Recently HealthGrades, a leading provider of information to help consumers make informed decisions about physicians and hospitals, once again acknowledged the competency of the department by awarding it the 2012 HealthGrades Emergency Medicine Excellence Award for the second year in a row. HUMC also received the 2013 HealthGrades Distinguished Hospital for Clinical Excellence Award, placing it among the top five percent of hospitals in the nation for overall quality. It is the only hospital in the New York – Northern New Jersey market to garner both distinctions.

Dr. Feldman is proud of the job he and his colleagues have done since he took over as department chair in 2003.

“The entire Emergency Medicine Division works tirelessly to strive for clinical excellence using state-of-the-art equipment, while also focusing on patient-centered care through programs like our award-winning Take-a-Break Program, a volunteer program that provides periods of respite for family members,” said Dr. Feldman. “We are enthusiastically looking forward to the upcoming expansion and upgrade of our Emergency Medicine Division to provide private rooms for enhanced patient privacy as well as specialty patient care rooms.”
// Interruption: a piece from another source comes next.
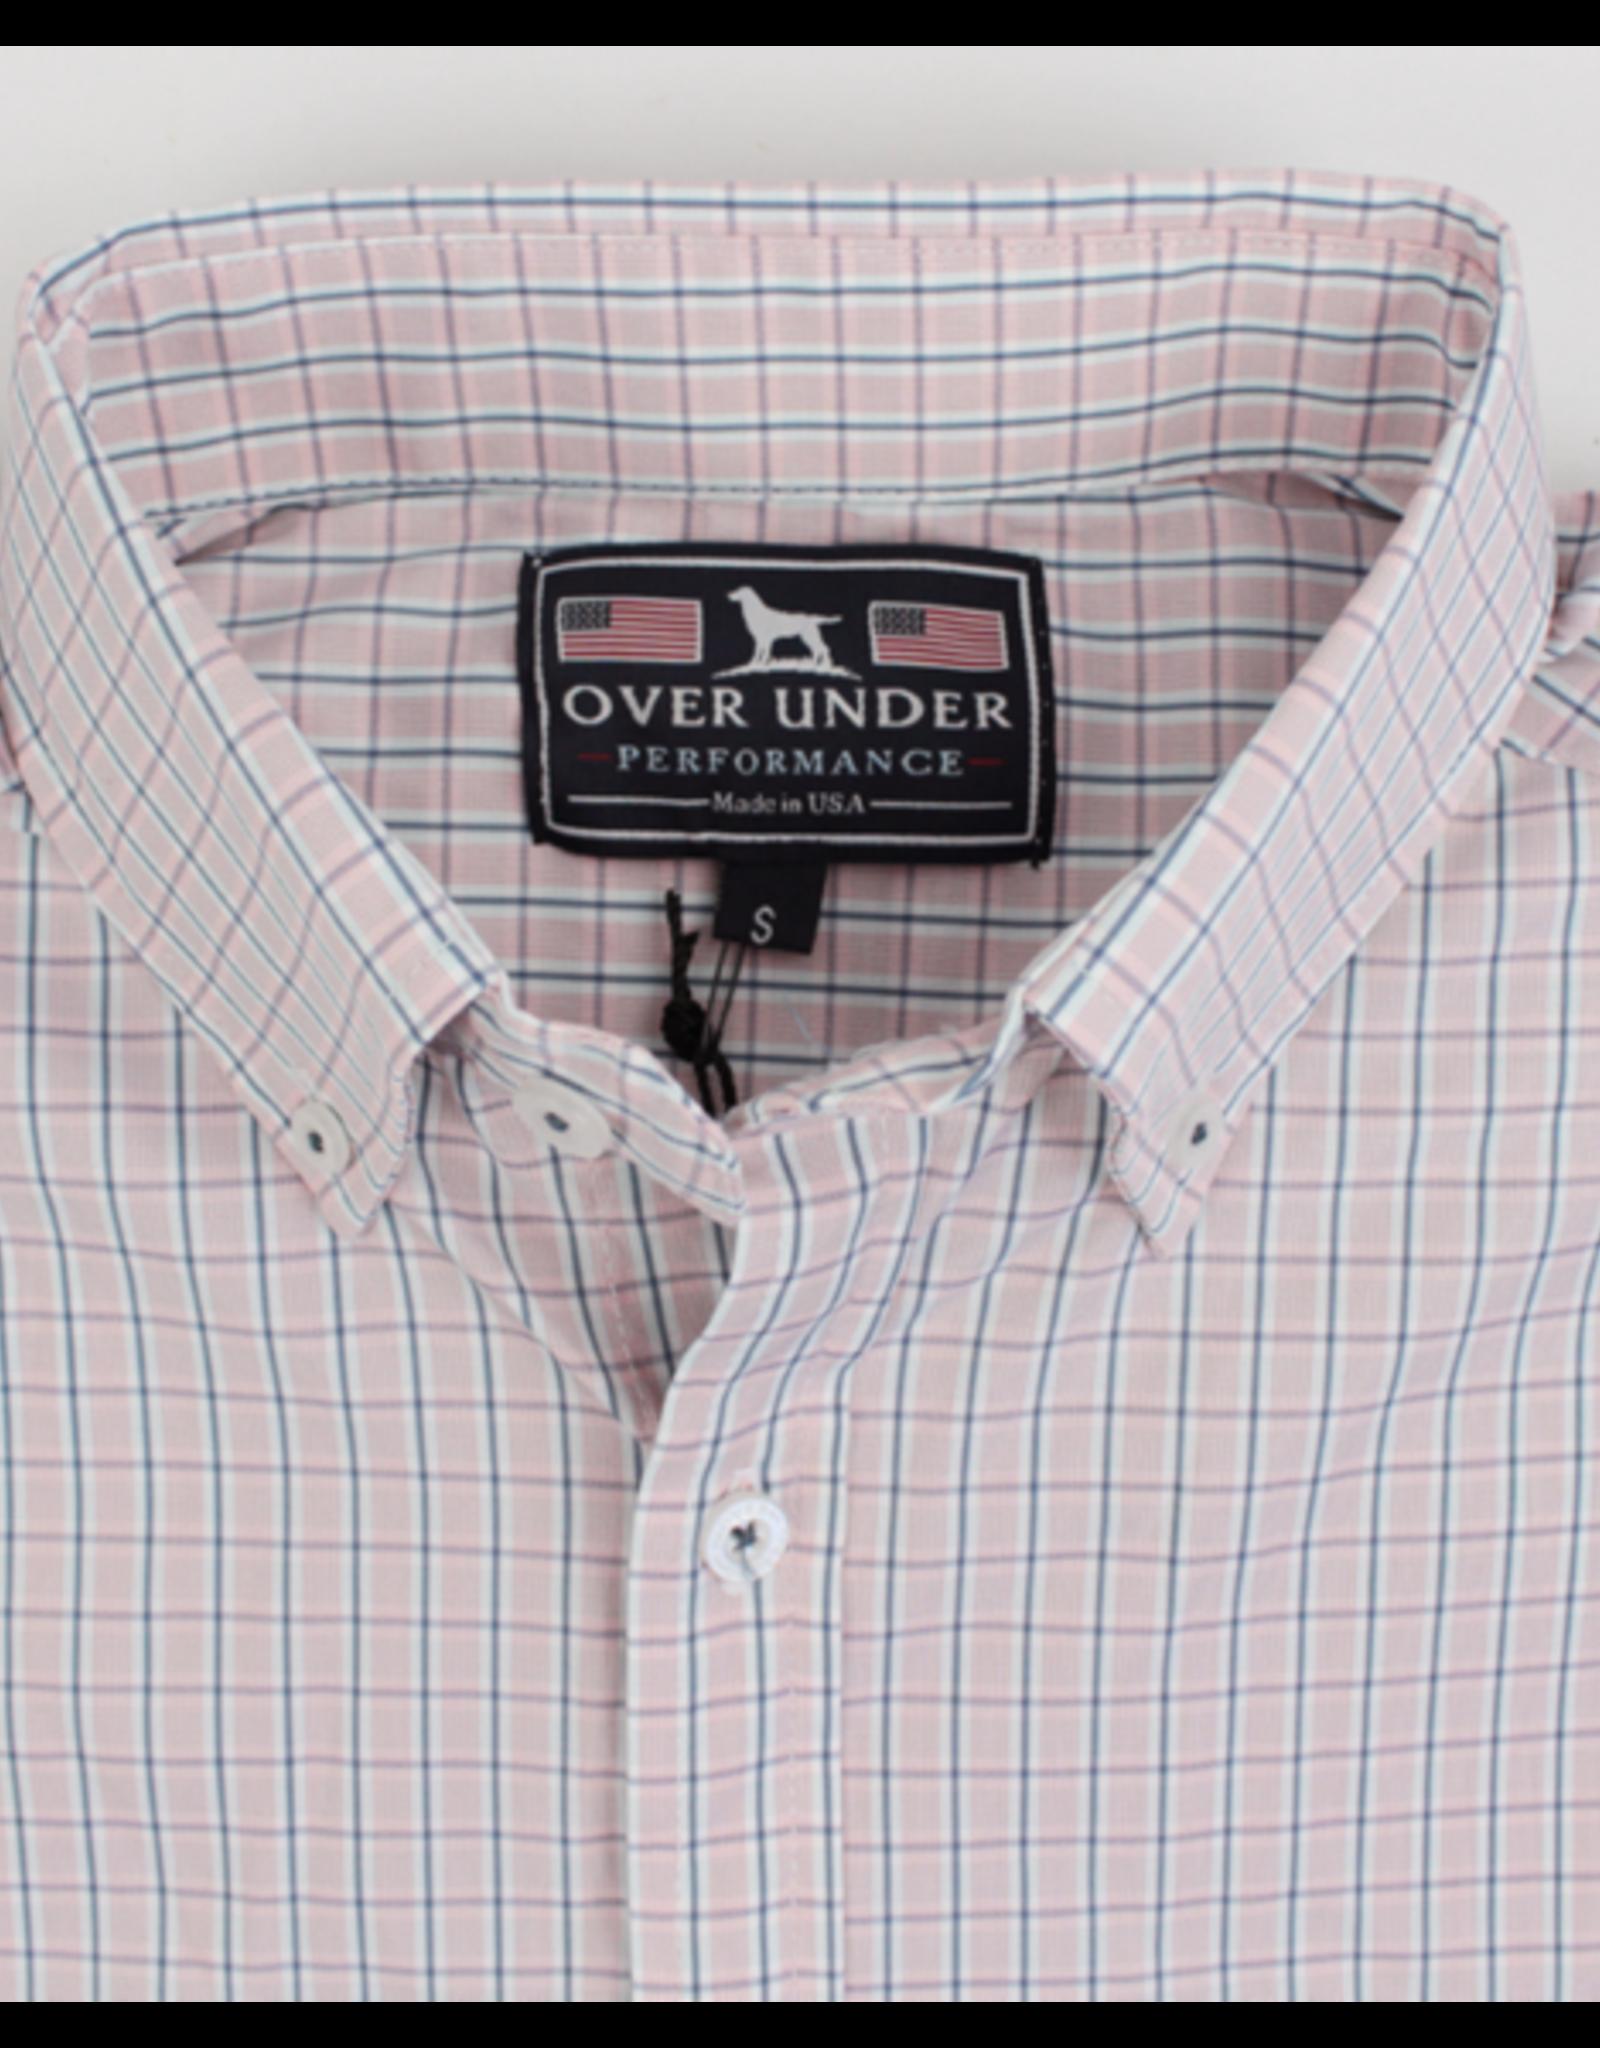 Over Under High Bluff Shirt

HealthGrades’s findings are based on analysis of over seven million Medicare patient records from 2008-2010. The report focused on 12 of the most common and life-threatening medical emergencies among that patient population, including heart attack, stroke, pneumonia and chronic obstructive pulmonary disease. The report found that Medicare patients treated at hospitals that have received the Emergency Medicine Excellence Award had, on average, a 41.52 percent lower risk of death compared to patients treated at non-recipient hospitals.

In addition to the HealthGrades accolades, the department has also been the recipient of the Press Ganey “Success Story” Award, the What is Right in Health Care Award from the Studer Group, and the JD Powers Award for Outstanding Experience in Emergency Services. Dr. Feldman was also instrumental in creating the Gerald Kissler Institute for Family Centered Care in Emergency Services at HUMC.

Dr. Feldman has been a part of the emergency medicine department at HUMC since 1998. More than two decades since earning his medical degree, Dr. Feldman still credits St. George’s University for his adaptation to the fast-paced, diverse and unpredictable nature of emergency medicine. “In the emergency department, we accept all comers, and going to SGU and living outside the United States made me more open to and familiar with other cultures and societies,” Dr. Feldman said.

Dr. Feldman’s love and support for his alma mater run deep and he is very proud of the high caliber into which his small Caribbean school has evolved. “It’s a great choice,” Dr. Feldman said of St. George’s University. “It’s truly an international environment and you get an excellent education.”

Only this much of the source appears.